Om de stroomdichtheid in het contact (en dus de temperatuur) te verminderen, is het noodzakelijk om het daadwerkelijke contactoppervlak van de contacten te vergroten. Als de contactvlakken met enige kracht tegen elkaar worden gedrukt, worden de kleine knobbeltjes op de contactpunten licht geplet.Hierdoor zullen de afmetingen van de contactelementaire gebieden toenemen en zullen extra contactgebieden verschijnen, en zullen de stroomdichtheid, contactweerstand en contactverwarming afnemen. Experimentele studies hebben aangetoond dat er een omgekeerde relatie bestaat tussen contactweerstand en de hoeveelheid koppel (compressiekracht). Met een tweevoudige afname van het koppel neemt de weerstand van de contactverbinding van de APV-draad met een doorsnede van 4 mm2 of twee draden met een doorsnede van 2,5 mm2 4-5 keer toe.

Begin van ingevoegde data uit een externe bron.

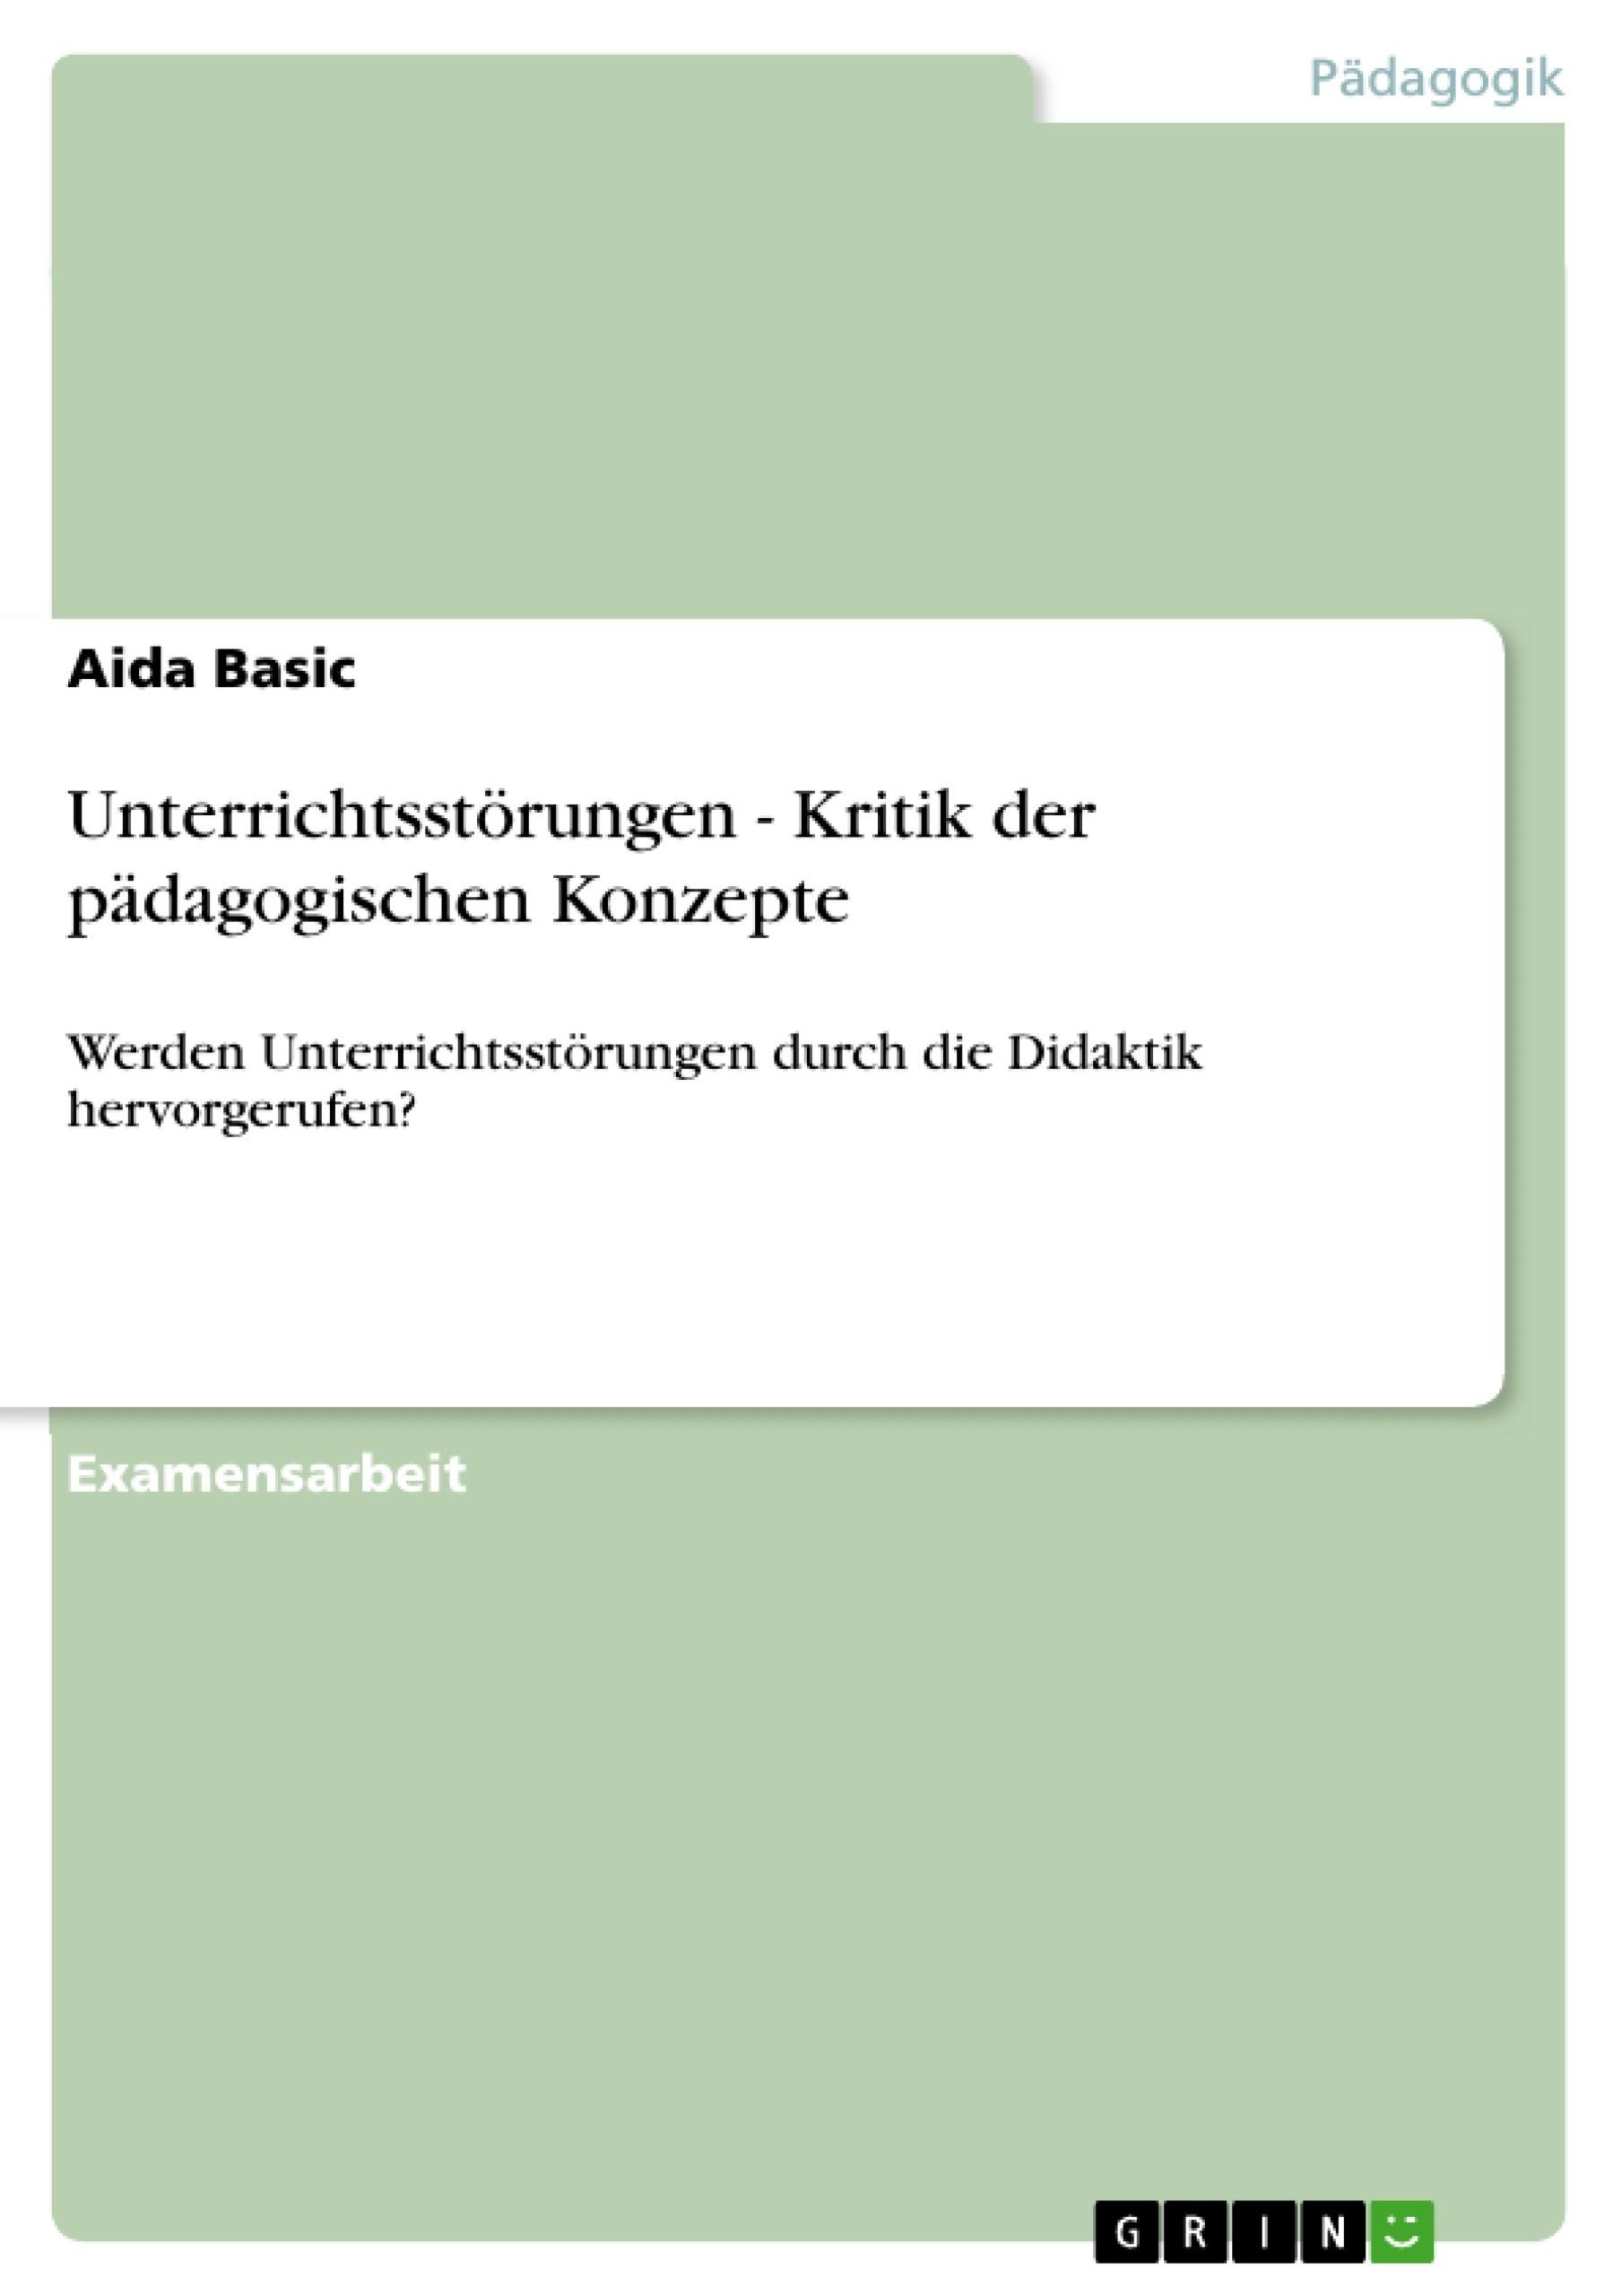 Titel: Unterrichtsstörungen - Kritik der pädagogischen Konzepte

Om warmte van de contacten af te voeren en af te voeren naar de omgeving, worden contacten met een bepaalde massa en koelvlakken gemaakt. Bijzondere aandacht wordt besteed aan de aansluitplaatsen van draden en hun verbinding met de contacten van de invoerapparaten van de elektrische ontvangers. Op de beweegbare uiteinden van de draden worden oren van verschillende vormen en speciale klemmen gebruikt. De betrouwbaarheid van het contact wordt verzekerd door conventionele ringen, veerbelast en met flenzen. Na 3-3,5 jaar neemt de contactweerstand ongeveer 2 keer toe. Ook de weerstand van de contacten neemt bij kortsluiting aanzienlijk toe als gevolg van een kortstondige inwerking van de stroom op het contact. Tests tonen aan dat contactvoegen met elastische veerringen de grootste stabiliteit hebben bij blootstelling aan ongunstige factoren.
Helaas is "puck-besparing" vrij gebruikelijk. De ring moet gemaakt zijn van non-ferro metalen zoals messing. De stalen ring is beschermd met een anti-corrosie coating.